Ее разбудил крик с улицы:
— Гаспаша! Гаспаша!..
Над городскими крышами плыла полная луна. Со стороны порта и с главной площади все еще доносились радостные возгласы и песни, но в этой части города было тихо, почти все жители спали, сраженные усталостью.
Анжелика выскочила на балкон и увидела Куасси-Ба, стоящего в полосе лунного света.
— Гаспаша!.. Гаспаша!..
— Подожди, я сейчас тебе открою.
Босая, она бегом спустилась вниз, зажгла свечу и повернула ключ в замочной скважине.
Мавр тотчас одним ловким движением проскользнул внутрь. Его глаза странно блестели. Он дрожал, словно от ужаса.
— Откуда ты?
— Оттуда, — Куасси-Ба неопределенно махнул рукой. — Мне нужна лошадь. Скорее дайте мне лошадь!
Он по-звериному оскалился.
— На хозяина напали, — прошептал он, — а у меня не было с собой большой сабли. Ох, почему я не взял сегодня большую саблю!
— Как напали, Куасси-Ба? Кто напал?
— Не знаю, гаспаша. Откуда мне знать, бедному рабу? Паж принес записку. Хозяин пошел куда-то. Я следом. А во дворе того дома людей почти не было, только карета с черными занавесками. Из нее выскочили мужчины и окружили моего сеньора. Хозяин вытащил шпагу, но врагов становилось все больше. Они схватили его. Бросили в карету. Я прицепился сзади, но два лакея взобрались на ось и били меня, пока я не упал, но одного из них я тоже свалил и задушил.
— Ты его задушил?
— Своими руками, вот так, — сказал он, открывая и закрывая розовые ладони, точно тиски. И я побежал по дороге. Было ужасно жарко, и я так хотел пить, что язык стал больше головы.
— Иди попей, потом расскажешь.
Анжелика прошла за ним к конюшне, где мавр схватил ведро с водой и долго, жадно пил.
— Сейчас, — сказал он, вытирая толстые губы, — я возьму лошадь и помчусь за ними. Я их всех зарублю моей большой саблей.
Разворошив сено, Куасси-Ба вытащил оттуда свой нехитрый скарб и кривую саблю. Пока мавр снимал с себя разодранный в клочья, испачканный в пыли атласный наряд и надевал простую ливрею, Анжелика, стиснув зубы, отвязала и вывела из стойла его лошадь. Соломинки ранили ее босые ноги, но графиня де Пейрак не замечала этого. Она словно очутилась в кошмарном сне, мучительно длинном, который никак не кончался…

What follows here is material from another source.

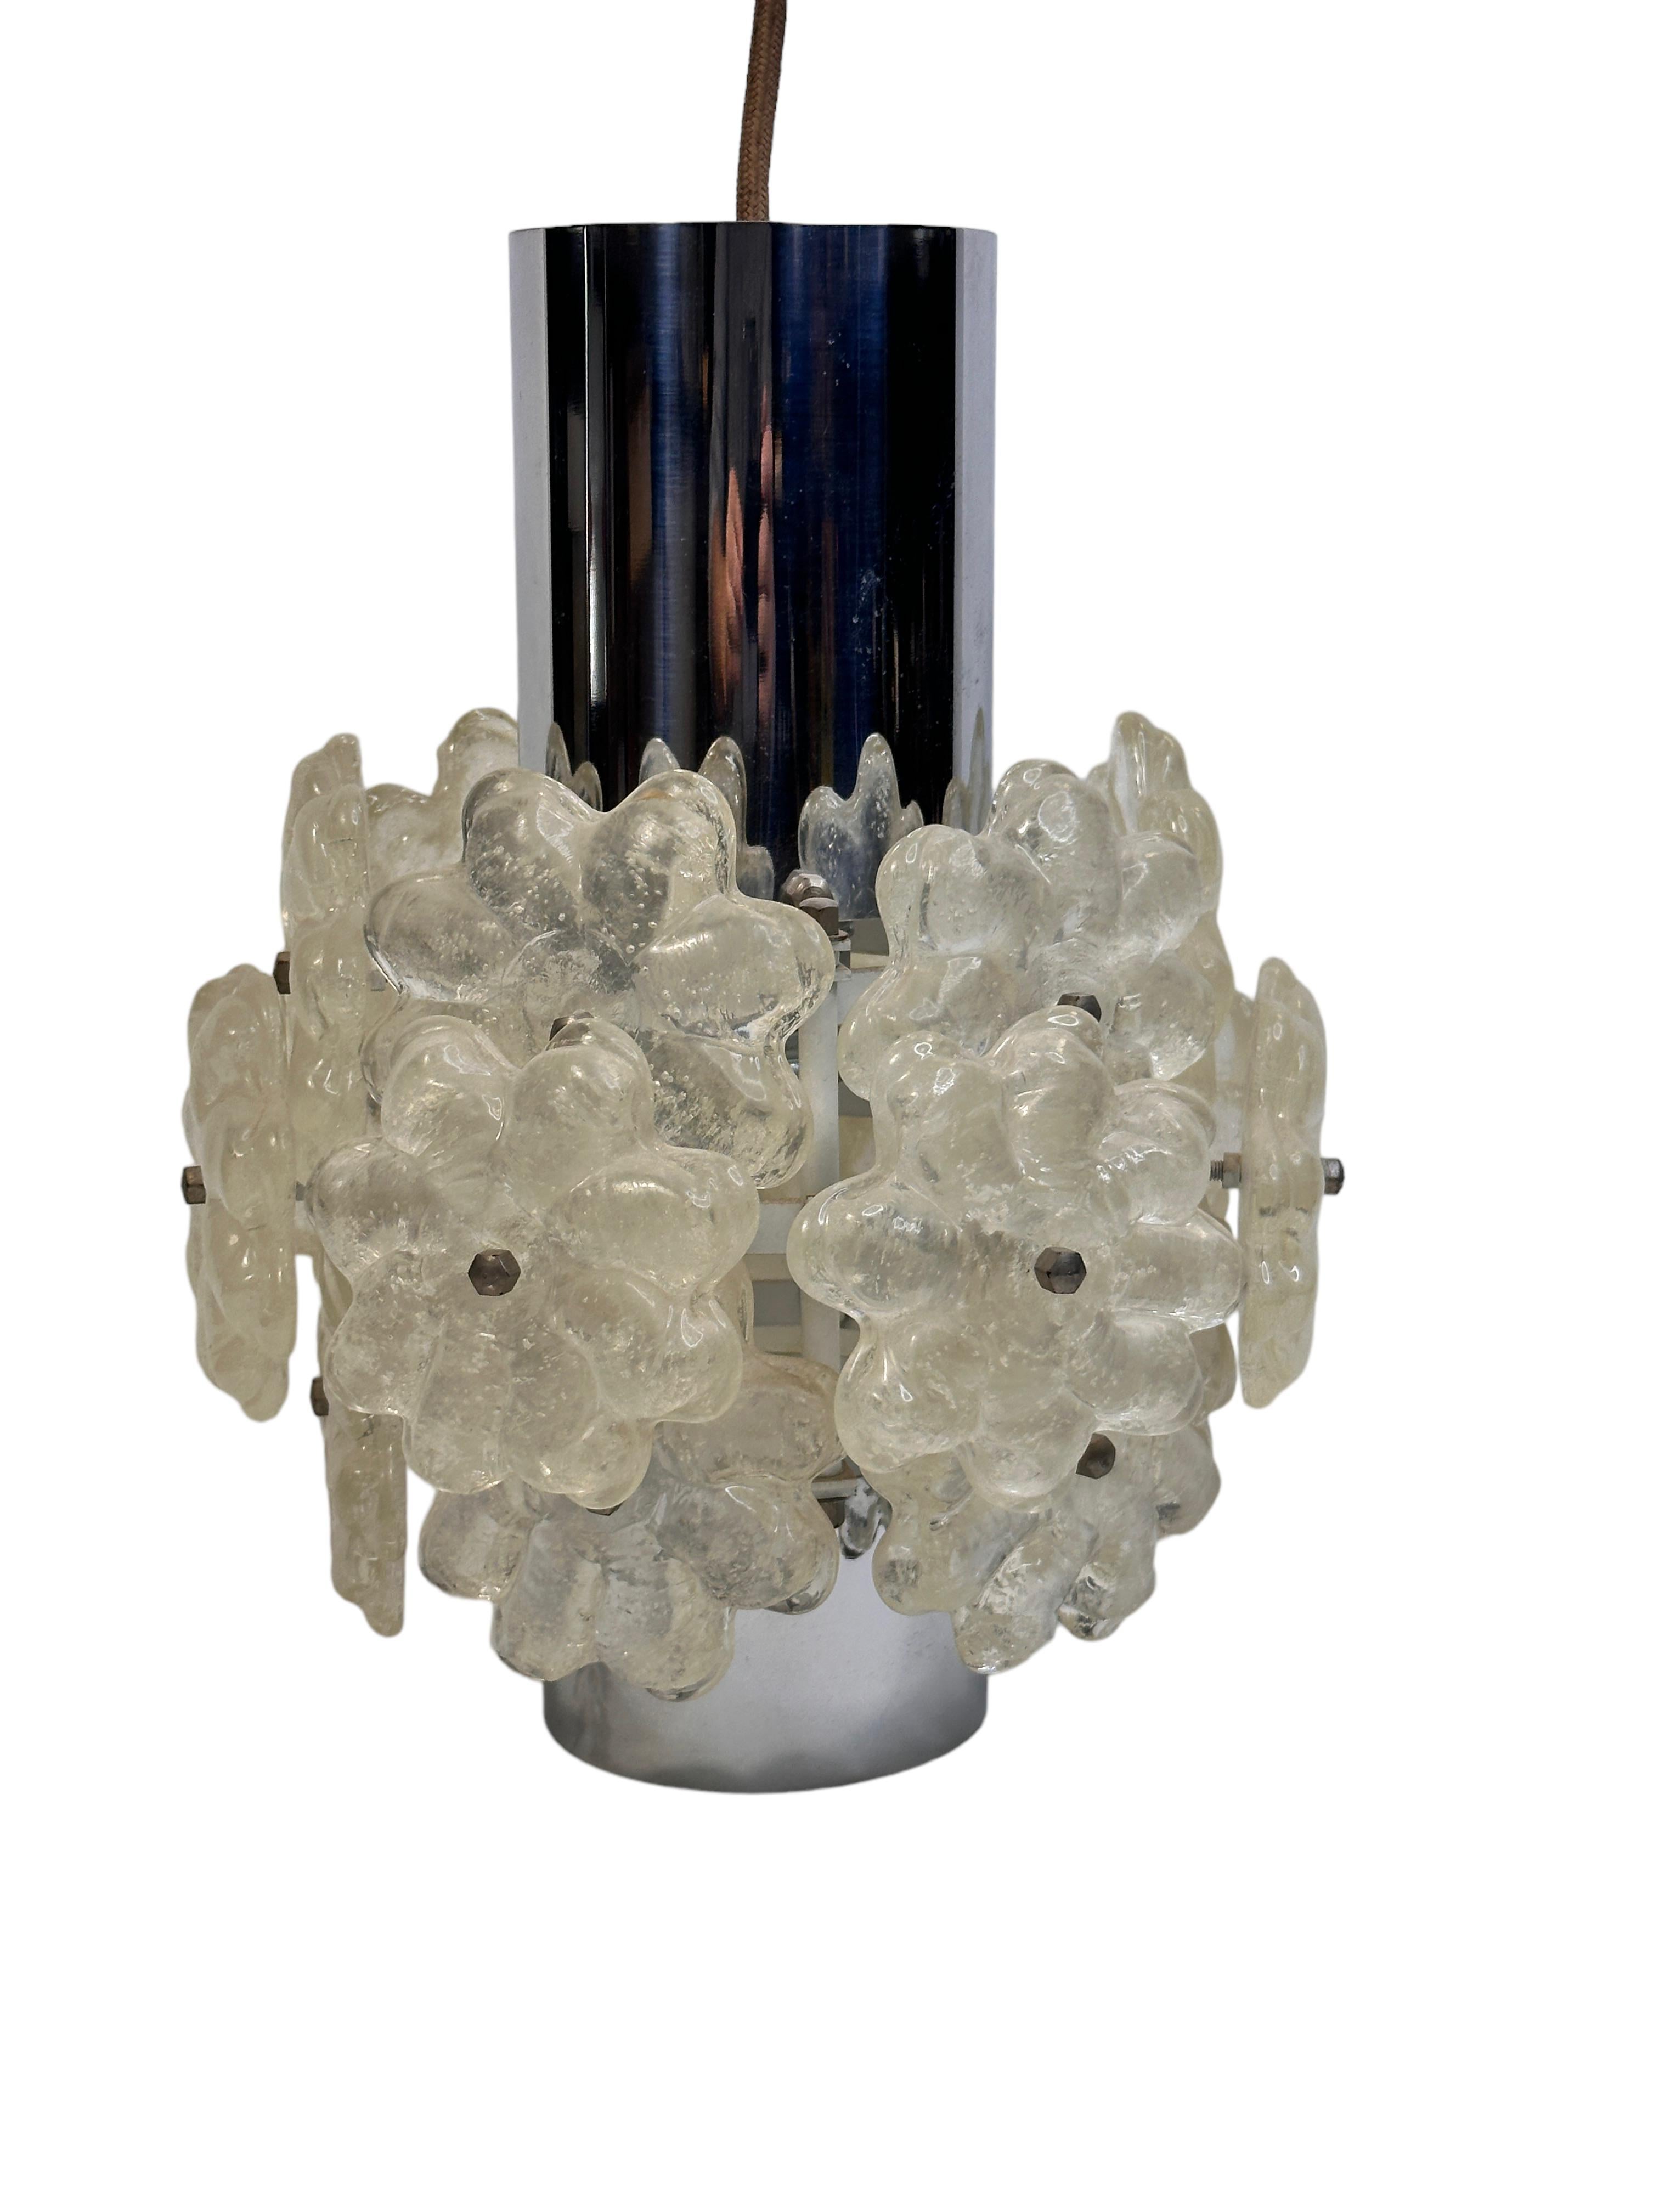 Mid-Century Modern 1 of 6 Chrome Pendant Fixture with Lucite Flower Clusters by Kalmar Austria 1960 For Sale

Как будто она бежала к мужу, протягивала к нему руки, но понимала, что никогда не сможет его догнать, никогда…
Анжелика смотрела вслед черному всаднику. Подкованная лошадь копытами выбивала искры из круглых булыжников мостовой. Постепенно топот копыт затих, и на смену ему пришел чистый колокольный звон, призывающий христиан к заутрене, чтобы вознести благодарственный молебен. Забрезжил прозрачный рассвет.
Королевская брачная ночь подошла к концу. Инфанта Мария-Терезия стала королевой Франции.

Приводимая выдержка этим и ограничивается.